Improving the Accuracy-Robustness Trade-Off of Classifiers via Adaptive Smoothing

Overview

• Proposed a method to significantly improve the trade-off between clean accuracy and adversarial robustness in neural classifiers
• Mixing output probabilities of a standard (high clean accuracy) and robust classifier, leveraging the robust classifier's confidence difference for correct and incorrect examples
• Theoretically certified the robustness of the mixed classifier under realistic assumptions
• Adapted an adversarial input detector to create a mixing network that adjusts the mixture adaptively, further reducing the accuracy penalty
• Empirically evaluated on CIFAR-100, achieving high clean accuracy while maintaining strong robustness against strong attacks like AutoAttack

Plain English Explanation

Neural networks, the powerful AI models behind many of today's intelligent systems, can be easily fooled by carefully crafted "adversarial" inputs that look normal to humans but cause the model to make mistakes. Researchers have proposed various methods to make these models more robust against such attacks, but in the process, the models often suffer significant drops in their regular, "clean" accuracy - the accuracy on normal, non-adversarial inputs.

This paper presents a clever approach to significantly alleviate this accuracy-robustness trade-off. The key idea is to combine the output of two neural networks: one optimized for clean accuracy (but not robust) and one optimized for robustness (but with lower clean accuracy). By carefully mixing the outputs of these two models, the researchers were able to achieve high clean accuracy while maintaining strong robustness.

The method works because the robust model is particularly confident in its correct predictions but much less confident in its incorrect predictions.
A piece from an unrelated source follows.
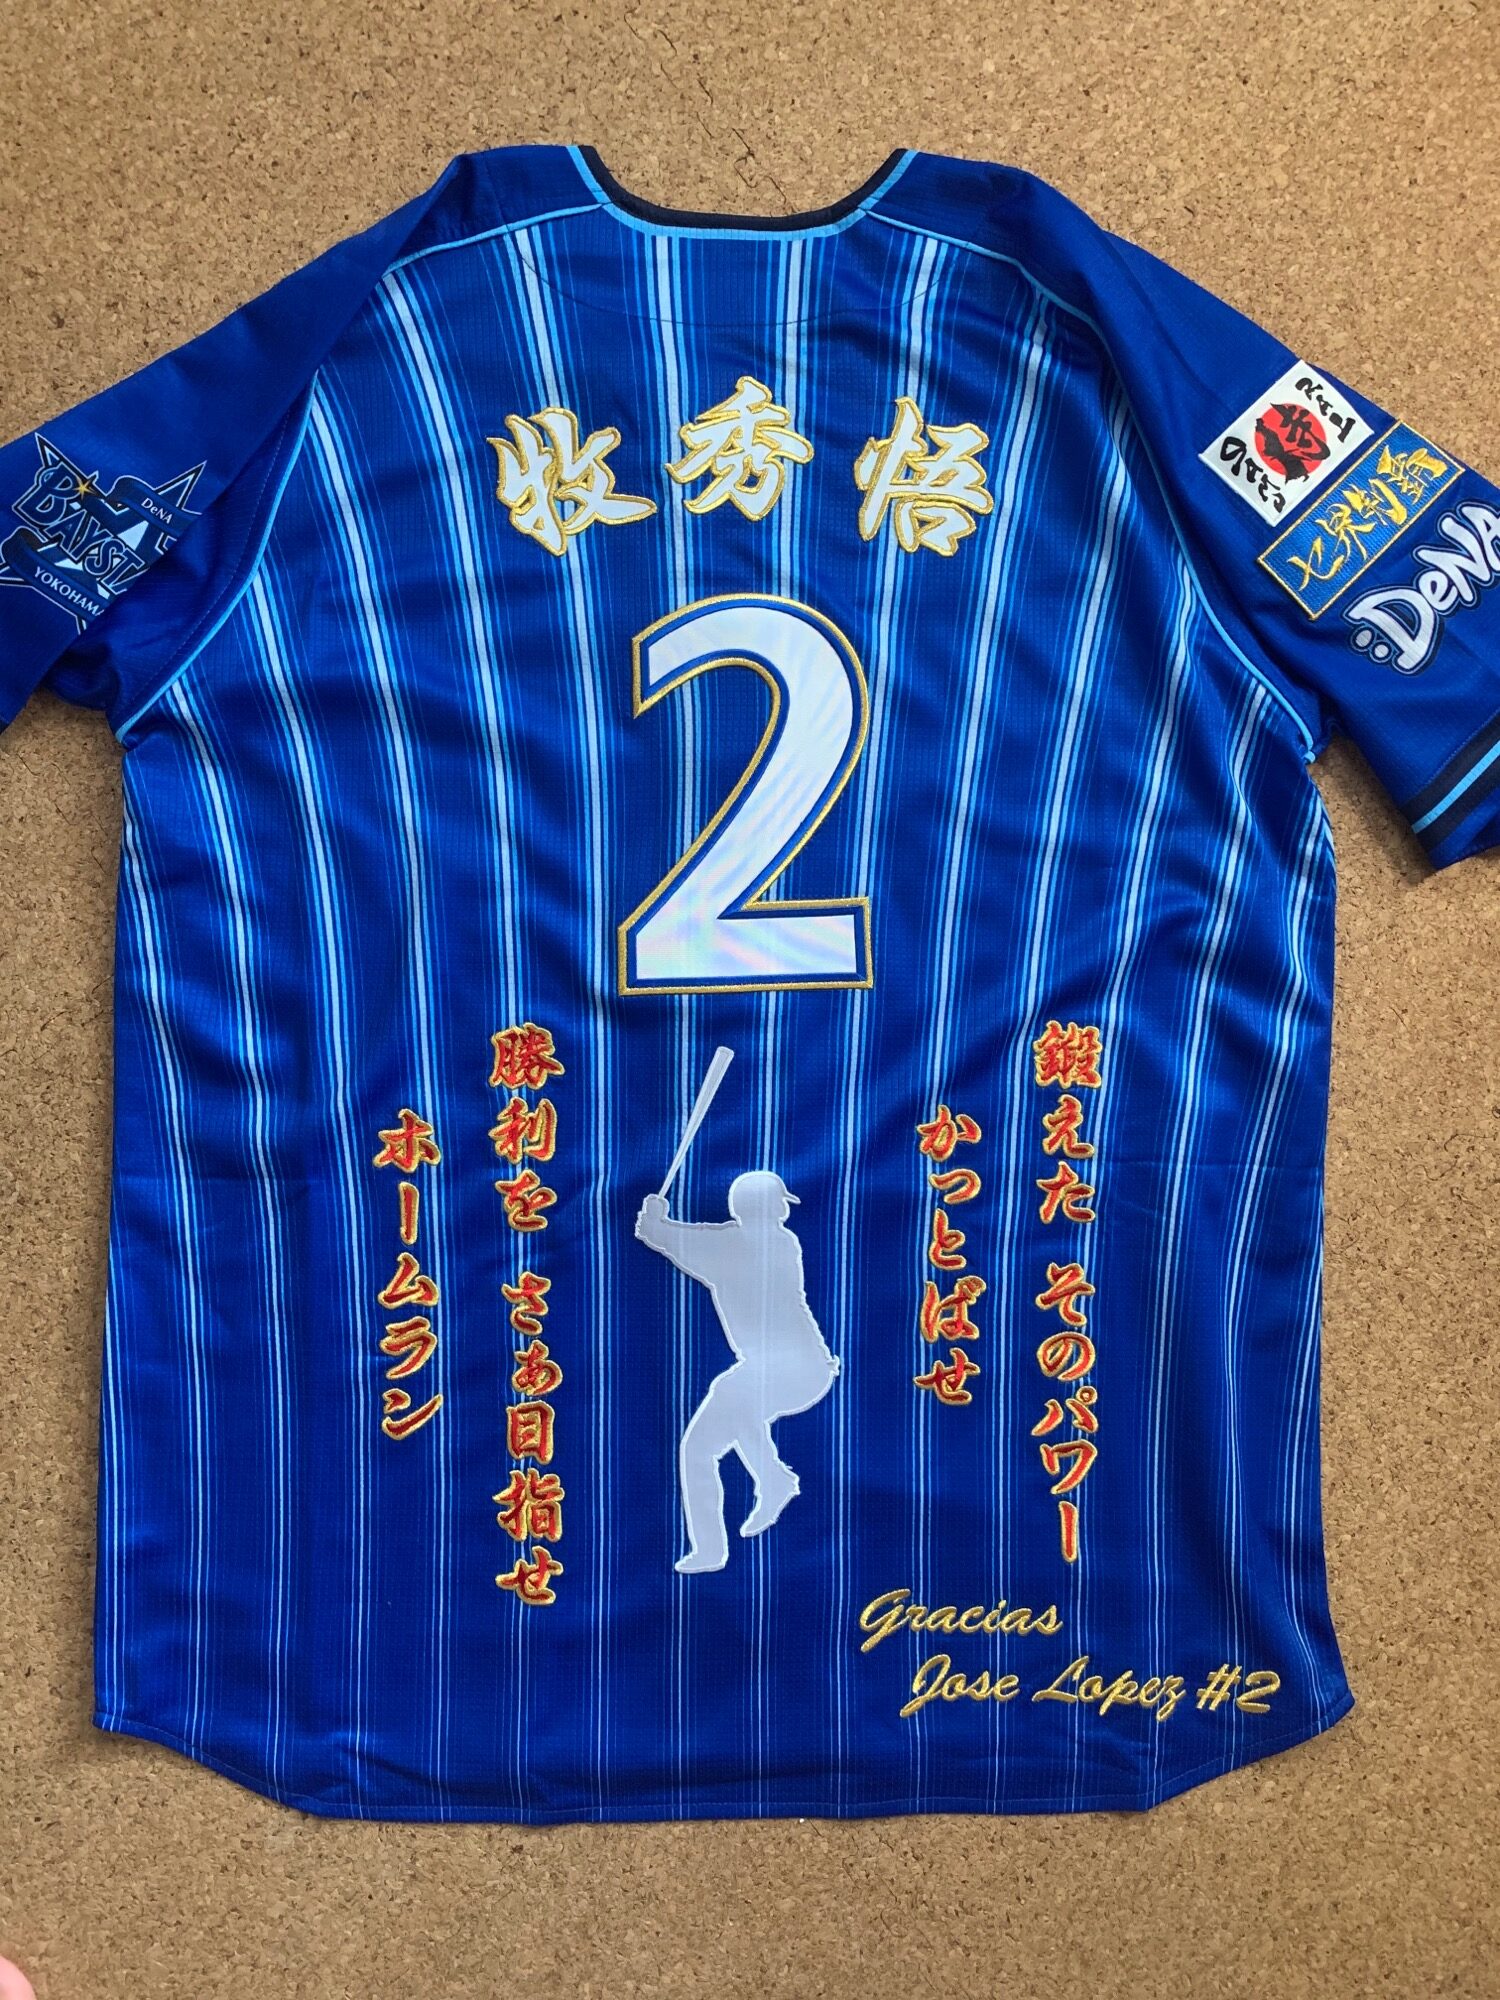 横浜DeNAベイスターズ」ビジターユニへの牧秀悟選手の刺繍 – お客様の

By leveraging this property, the researchers can selectively trust the robust model's outputs when it is highly confident, while relying more on the standard model's outputs in other cases.

The researchers also adapt an adversarial input detector to create a "mixing network" that can dynamically adjust the mixture of the two models based on the input, further reducing the accuracy penalty.

Technical Explanation

The paper proposes a method called "Adaptive Smoothing" to address the accuracy-robustness trade-off in neural classifiers. The key idea is to mix the output probabilities of a standard classifier (optimized for clean accuracy) and a robust classifier (optimized for adversarial robustness).

The researchers first show that the robust classifier's confidence difference for correct and incorrect examples is the key to this improvement. Specifically, the robust classifier is highly confident in its correct predictions but much less confident in its incorrect predictions. By leveraging this property, the method can selectively trust the robust model's outputs when it is highly confident, while relying more on the standard model's outputs in other cases.

The paper then theoretically certifies the robustness of the mixed classifier under realistic assumptions. Furthermore, the researchers adapt an adversarial input detector to create a "mixing network" that can dynamically adjust the mixture of the two models based on the input, further reducing the accuracy penalty.

The empirical evaluation on the CIFAR-100 dataset shows that the proposed method can achieve an 85.21% clean accuracy while maintaining a 38.72% $ell_infty$-AutoAttacked ($epsilon = 8/255$) accuracy, becoming the second most robust method on the RobustBench CIFAR-100 benchmark as of submission, while improving the clean accuracy by ten percentage points compared with all listed models.

Critical Analysis

The paper addresses an important and practical challenge in the field of adversarial robustness - the trade-off between clean accuracy and robustness. The proposed Adaptive Smoothing method is a clever and effective approach that leverages the strengths of both a standard and a robust classifier.

One potential limitation is that the method relies on the availability of a robust classifier, which may not always be easy to obtain. The researchers acknowledge this and suggest that their approach can work in conjunction with existing or even future methods that improve clean accuracy, robustness, or adversary detection.

Additionally, the theoretical certification of robustness is based on certain assumptions, and it would be valuable to explore the sensitivity of the method to violations of these assumptions. Further research could also investigate the performance of Adaptive Smoothing on a wider range of datasets and attack scenarios.

Conclusion

This paper presents a significant advancement in addressing the accuracy-robustness trade-off in neural classifiers. By mixing the outputs of a standard and a robust classifier, leveraging the robust classifier's confidence difference, and adaptively adjusting the mixture, the researchers were able to achieve high clean accuracy while maintaining strong robustness against powerful adversarial attacks.

The Adaptive Smoothing method has the potential to be widely adopted, as it can be used in conjunction with existing and future techniques for improving clean accuracy and robustness. This represents an important step forward in making neural networks more reliable and trustworthy in real-world applications.